G'day, how'd this beer turn out. Anything you would add or change? Similar to Karma citra?
Tried it the other day off tap filtered through Cascade hops on the bar, absoloutly spectacular. Keen on makin something similar.
Cheers, Dez


----------



## BreathingHeat (4/8/11)

Dez. said:


> G'day, how'd this beer turn out. Anything you would add or change? Similar to Karma citra?
> Tried it the other day off tap filtered through Cascade hops on the bar, absoloutly spectacular. Keen on makin something similar.
> Cheers, Dez



Hi Dez, happy IPA day! This beer turned out wonderfully. It's possibly the only batch I've brewed where I wouldn't change a thing. Here is the actual brewed recipe (following this). There were a few changes. We ended up dry hopping with an extra 24 grams of Citra at the very end (key). This definitely gave the beer the "je ne sais quoi" we were looking for. I would not add any more than 24 grams though. This beer is similar to Karma Citra, but clearly has it's own identity. 

"Blackie" IPA 

Recipe

Batch Size: 24 L 
Boil Size: 35 L (BIAB)
OG: 1.070
FG: 1.015
Boil Time: 60 Minutes

Ingredients:

6.00 kg Pilsner 77.4%
0.50 kg Rye Malt 6.3%
0.50 kg Wheat Malt 6.3%
0.25 kg Crystal, Medium 3.3%

0.25 kg Carafa Special I 3.3% (10 minutes to go)
0.25 kg Chocolate Malt 3.3% (10 minutes to go)

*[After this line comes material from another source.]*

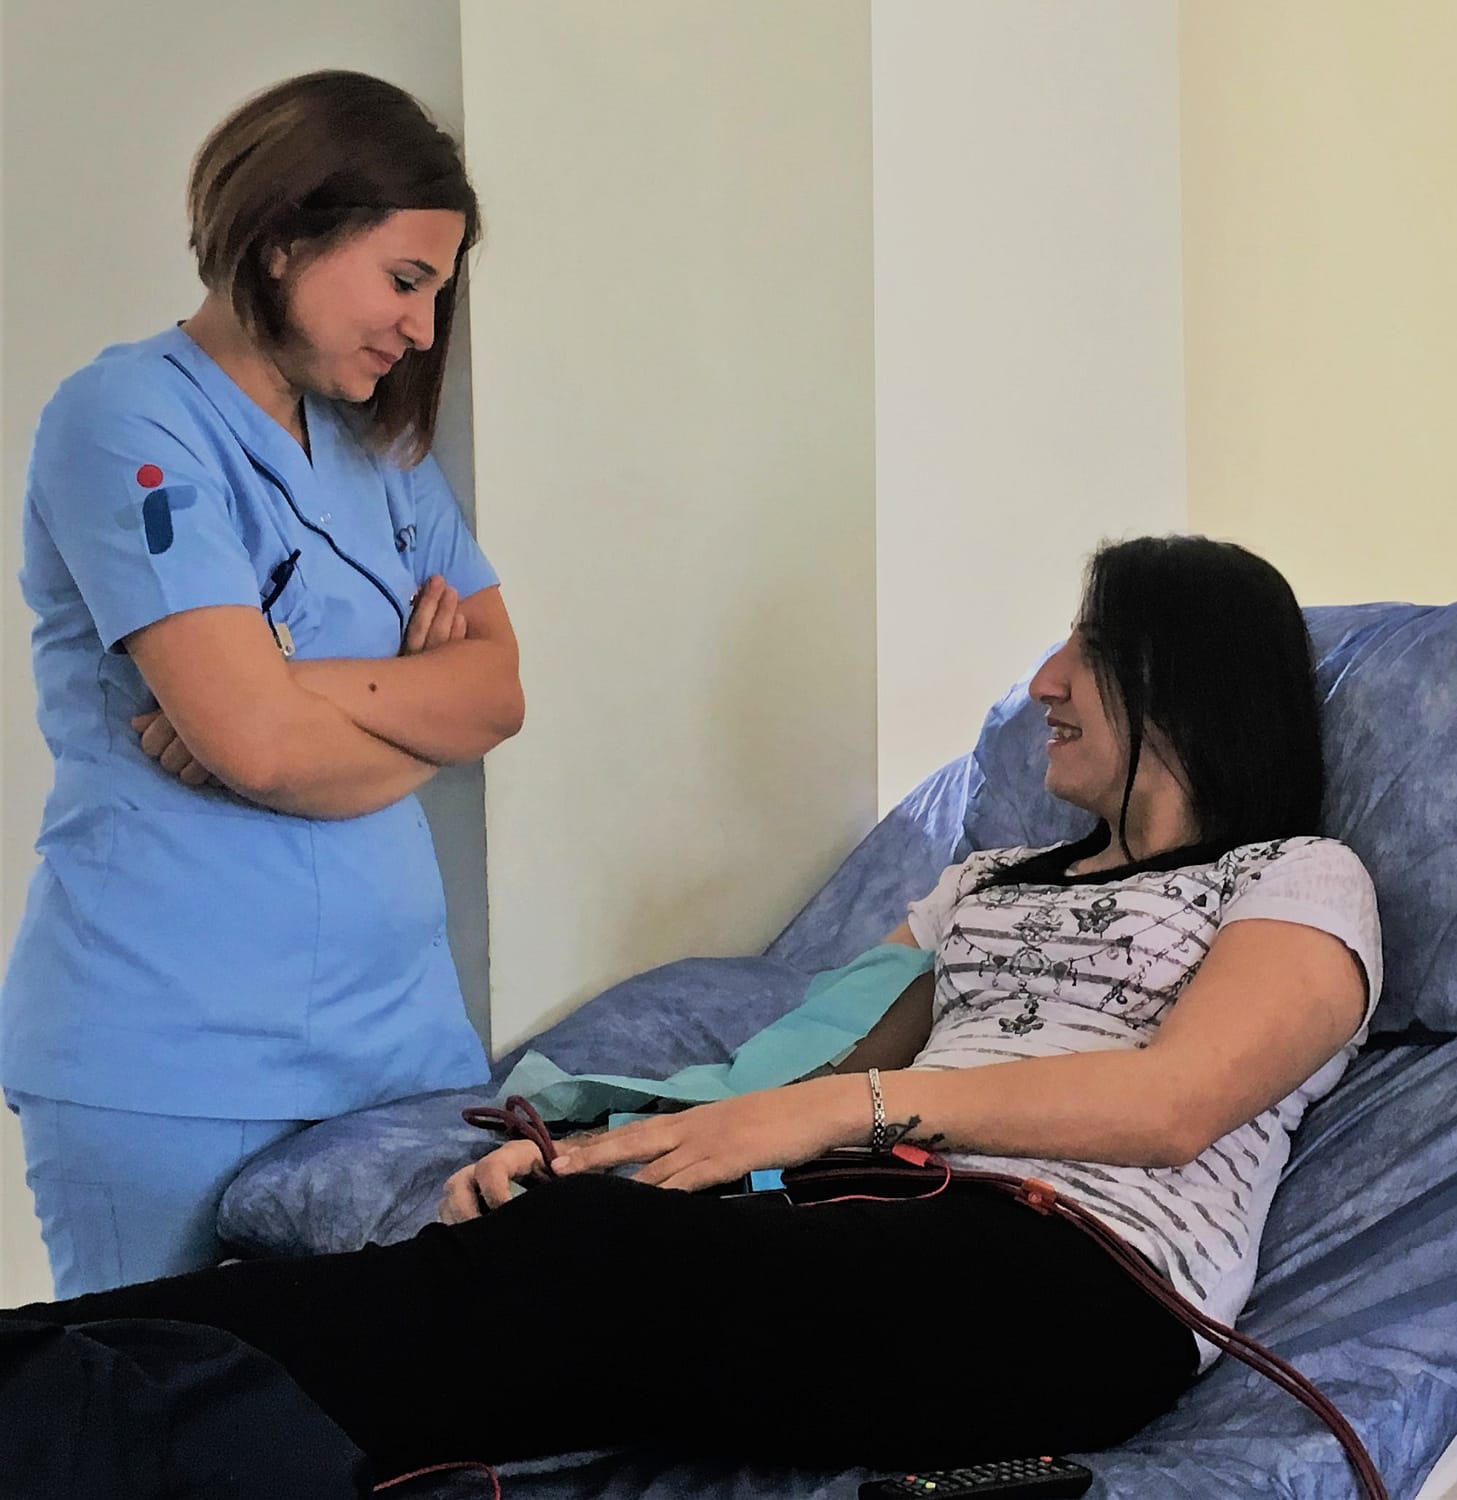 Hilal, a dialysis patient being treated by a nurse working at D.med healthcare.

90 minute step mash 66 (152)
Strike temp 55 (130)- 30 minutes rest
up to 65-66 for 60 minutes 
Mash out at 77 degrees

Boil

28 g Galaxy Flowers [13.4%] (60 min) 
28 g Cascade Flowers [7.6%] (60 min) 

8 g Gypsum (60 min) 
2 g Chalk (60 min)

56 g Citra Pellets [11.1%] (10 min)
72 g Galaxy Flowers [13.7%] (10 min) 

1 g Yeastlife extra Nutrient (10 min)
1/2 Whirlfloc tab (10 min)

1 Pkg American Ale I (Wyeast Labs #1056)

72 g Cascade Flowers Dry Hop 14-21 (April 3rd - pulled on April 10) 
24 g Citra Pellets Dry Hop 21-28 (April 10th)

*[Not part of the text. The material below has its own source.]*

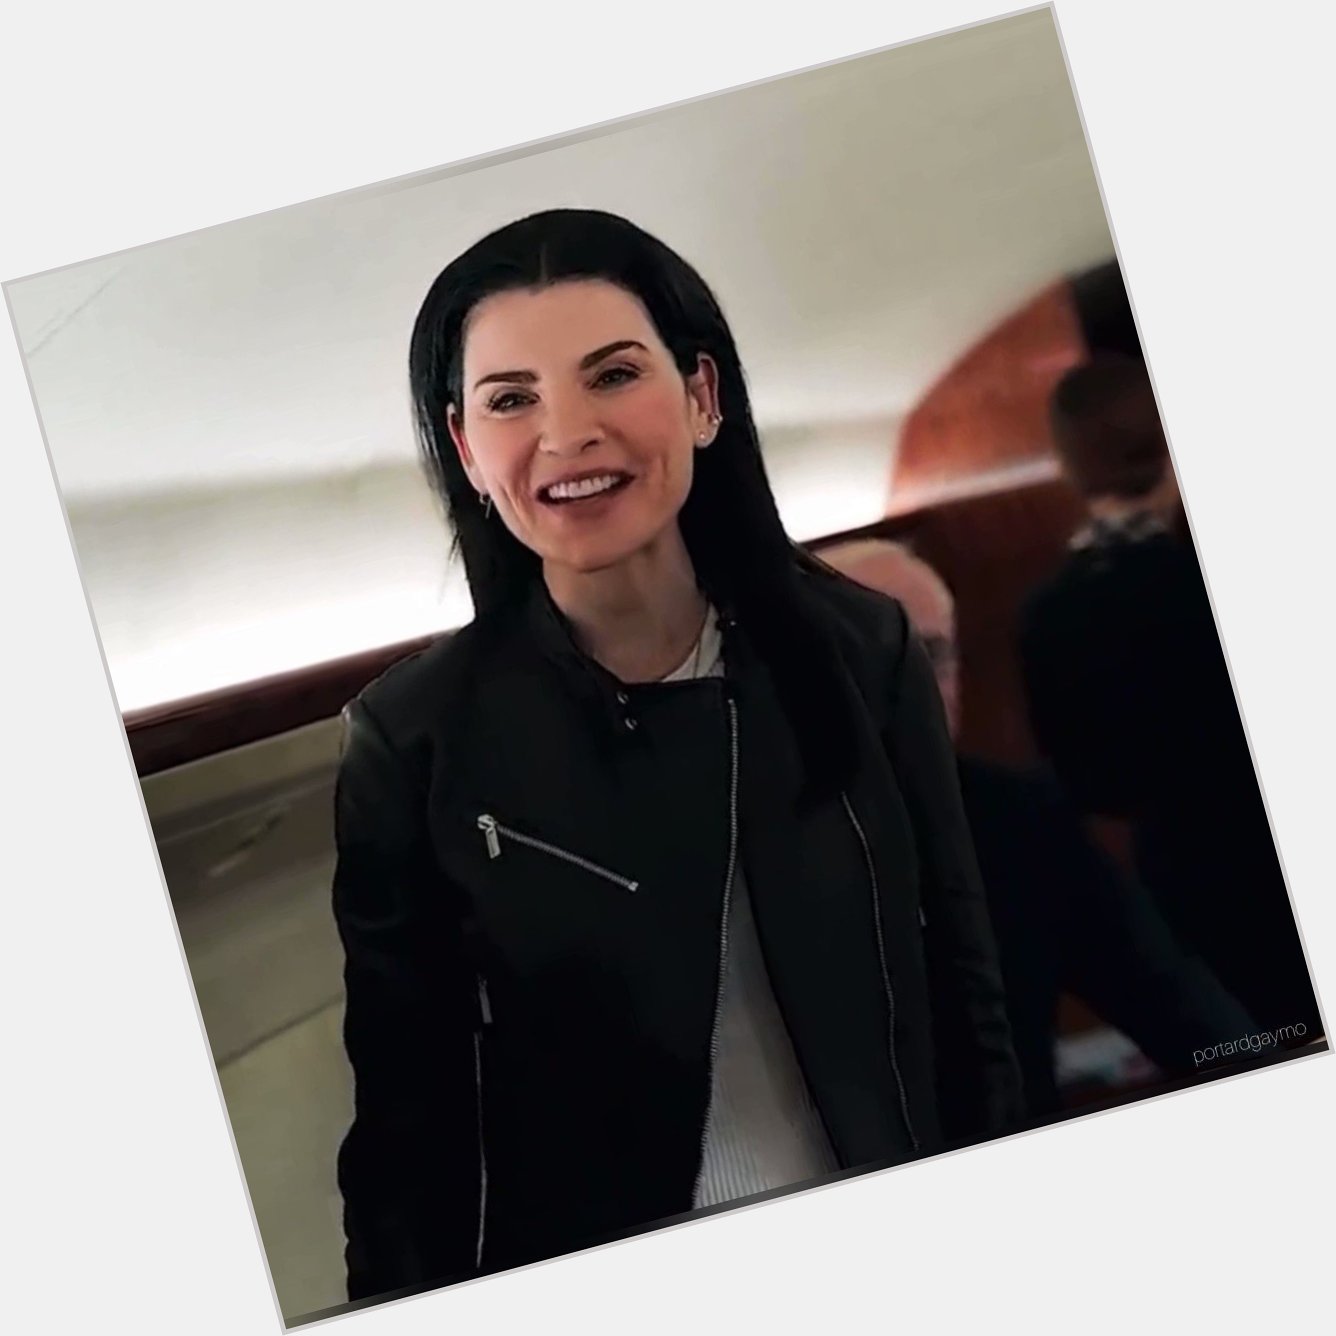 Happy birthday to the mifliest milf there is!!! @ julianna margulies

Just a gorgeous beer. Extremely flavourful, well balanced, perfect color. We are about to brew it again. Please let me know if you have any questions.


----------



## Dez. (5/8/11)

Wow, that sounds like alot of hops, but I suppose thats what would give it its character. What is the pupose of the gypsum and chalk? Is it the same as the bag of gypsum in my garden shed? What kind of chalk is it?
Cheers, Dez


----------



## drsmurto (5/8/11)

KillerRx4 said:


> 2.00 gm Chalk (Boil 60.0 min) Misc
> 5.00 gm Polyclar BrewBrite (Boil 10.0 min) Misc
> 8.00 gm Epsom Salt (MgSO4) (Boil 60.0 min) Misc
> 8.00 gm Epsom Salt (MgSO4) (Boil 60.0 min) Misc



Is that a typo? Did you mean CaSO4?

That much magnesium in a beer would give you the runs.


----------



## felten (5/8/11)

DrSmurto said:


> That much magnesium in a beer would give you the runs.


Must be bad karma then


----------



## KillerRx4 (5/8/11)

KillerRx4 said:


> Looking at my notes, the Beersmith file has a couple of things wrong/different to brewday.
> One of the 8gm MgS04 additions is actually CaS04 (gypsum)
> Brewbrite addition was changed to whirlfloc
> Dry hops were 12g Galaxy, 38g Citra.


----------



## BreathingHeat (8/8/11)

Hi Dez, did you decide to brew it??


----------



## Dez. (8/8/11)

Yeah definately keen to brew it just waiting to get enought time off work, probably next week. 
Been doin my homework on water chemistry in the mean time to clarify the need for gypsum and chalk. Home brewing is one of those things where the more learn the more you find out you need to learn.
Cheers, Dez


----------



## domix (16/8/11)

Just a heads up if anyone is keen, they will have this on tap at Biero in Melb this Friday (no affiliation, just a very happy customer)
along with many other great beers


----------



## bullsneck (25/8/11)

KillerRx4 said:


> A bit bigger than Karma Citra, knock back the OG & its pretty close to bang on for me.
> 
> 
> Recipe: #212 Big Bang Black IPA
> ...



This may be OT...

Using this recipe as inspiration for a Black EIPA. Subbing Rye for Biscuit and the C Hops for EKG and Challenger. OG and IBUs are staying true to the recipe, however. Yeast will be split, 12L on 1469 and 12L on US-05 to see which gives a better result.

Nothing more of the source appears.